Leto parla à Moneo de la voix la plus froide qu’il eût jamais utilisée :
— Le Duncan me désobéit.
Ils se trouvaient dans la salle aérée, en pierre dorée, située au sommet de la tour Sud de la Citadelle. Trois jours entiers étaient passés depuis le retour de l’Empereur-Dieu de la Cité où les Festivités Décennales avaient pris fin. Non loin de Leto, une immense baie ouverte recevait la lumière brutale du Sareer en plein midi. Le vent s’engouffrait à l’intérieur avec un ronflement sourd. Il apportait de la poussière et du sable qui faisaient plisser les yeux de Moneo. L’Empereur-Dieu ne semblait pas s’apercevoir de son irritation. Il contemplait le Sareer, dont l’atmosphère était rendue vivante par les mouvements de chaleur. L’ondulation lointaine des dunes suggérait une mobilité du paysage que seuls ses yeux discernaient.
Moneo se tenait plongé dans l’odeur aigre de ses propres peurs, conscient que le message était porté par le vent jusqu’aux narines de Leto. Les préparatifs des noces, l’agitation des Truitesses, tout était paradoxe. Cela lui rappelait ce que l’Empereur-Dieu lui avait dit une fois, au tout début de sa prise de fonctions.
Un paradoxe est un indicateur qui doit t’inciter à regarder un peu plus loin. Si les paradoxes t’ennuient, cela trahit ton désir profond d’absolu. Pour le relativiste, un paradoxe est simplement quelque chose d’intéressant, peut-être d’amusant, voire – quelle horrible pensée ! – d’édifiant.

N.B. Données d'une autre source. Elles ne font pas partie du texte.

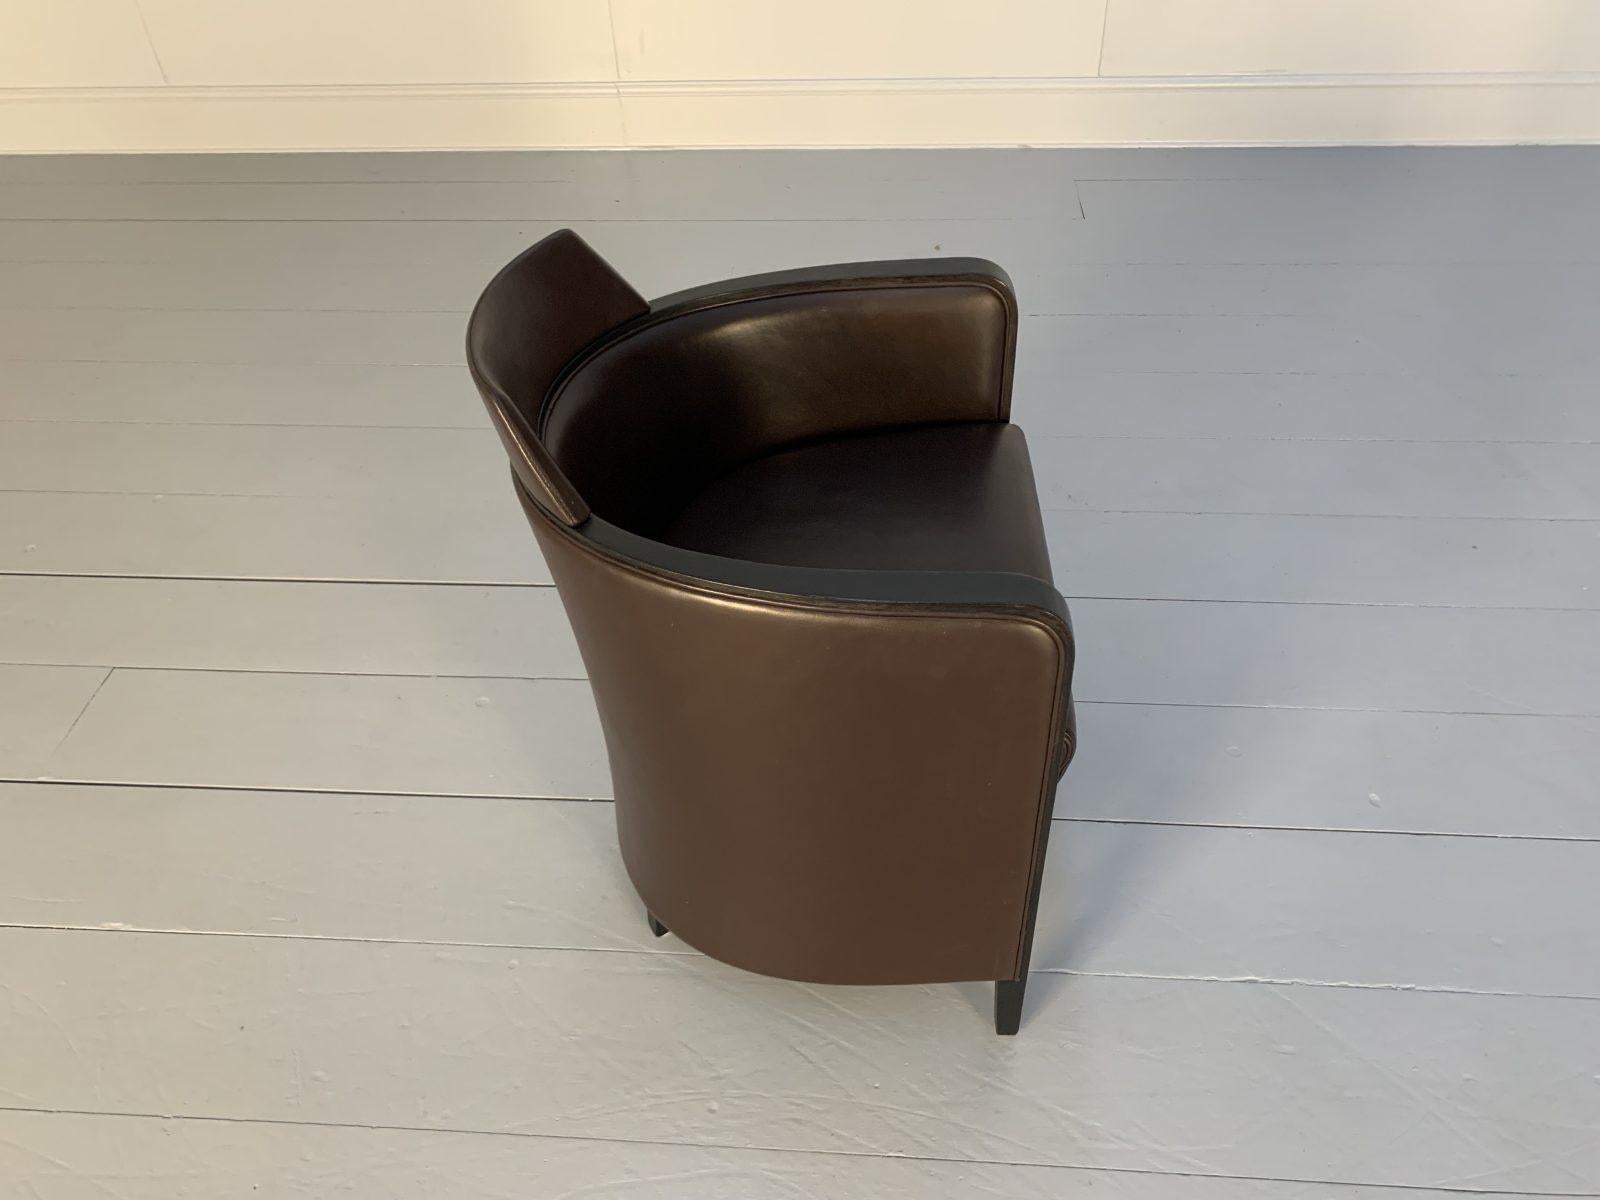 Moroso “Miss” Armchair, in Dark Brown Leather For Sale 4

— Tu ne dis rien, fit Leto.
Il s’arracha à la contemplation du Sareer et porta tout le poids de son attention sur le majordome.
Moneo ne put que hausser les épaules. Le Ver est-il loin ? se demandait-il. Il avait remarqué que ces retours de Onn à la Citadelle avaient quelquefois pour effet de faire sortir le Ver. Non qu’il y eût déjà les signes de ce terrible changement chez l’Empereur-Dieu, mais le majordome se sentait mal à l’aise. Le Ver était-il capable de sortir sans prévenir ?
— Tu activeras les préparatifs de la noce, dit Leto. Que la cérémonie ait lieu le plus tôt possible.
— Même avant l’épreuve de Siona ?
Leto demeura un instant silencieux avant de répondre :
— Non. Que comptes-tu faire au sujet du Duncan ?
— Qu’aimeriez-vous que je fasse, Mon Seigneur ?
— Je lui ai dit de ne pas chercher à voir Hwi. Je lui ai ordonné de l’éviter.
— Elle éprouve de la compassion pour lui, Mon Seigneur. Rien de plus.
— Pourquoi éprouverait-elle de la compassion pour Idaho ?
— Parce que c’est un ghola. Rien ne le rattache à notre époque. Il n’a pas de racines.
— Il a des racines aussi profondes que les miennes !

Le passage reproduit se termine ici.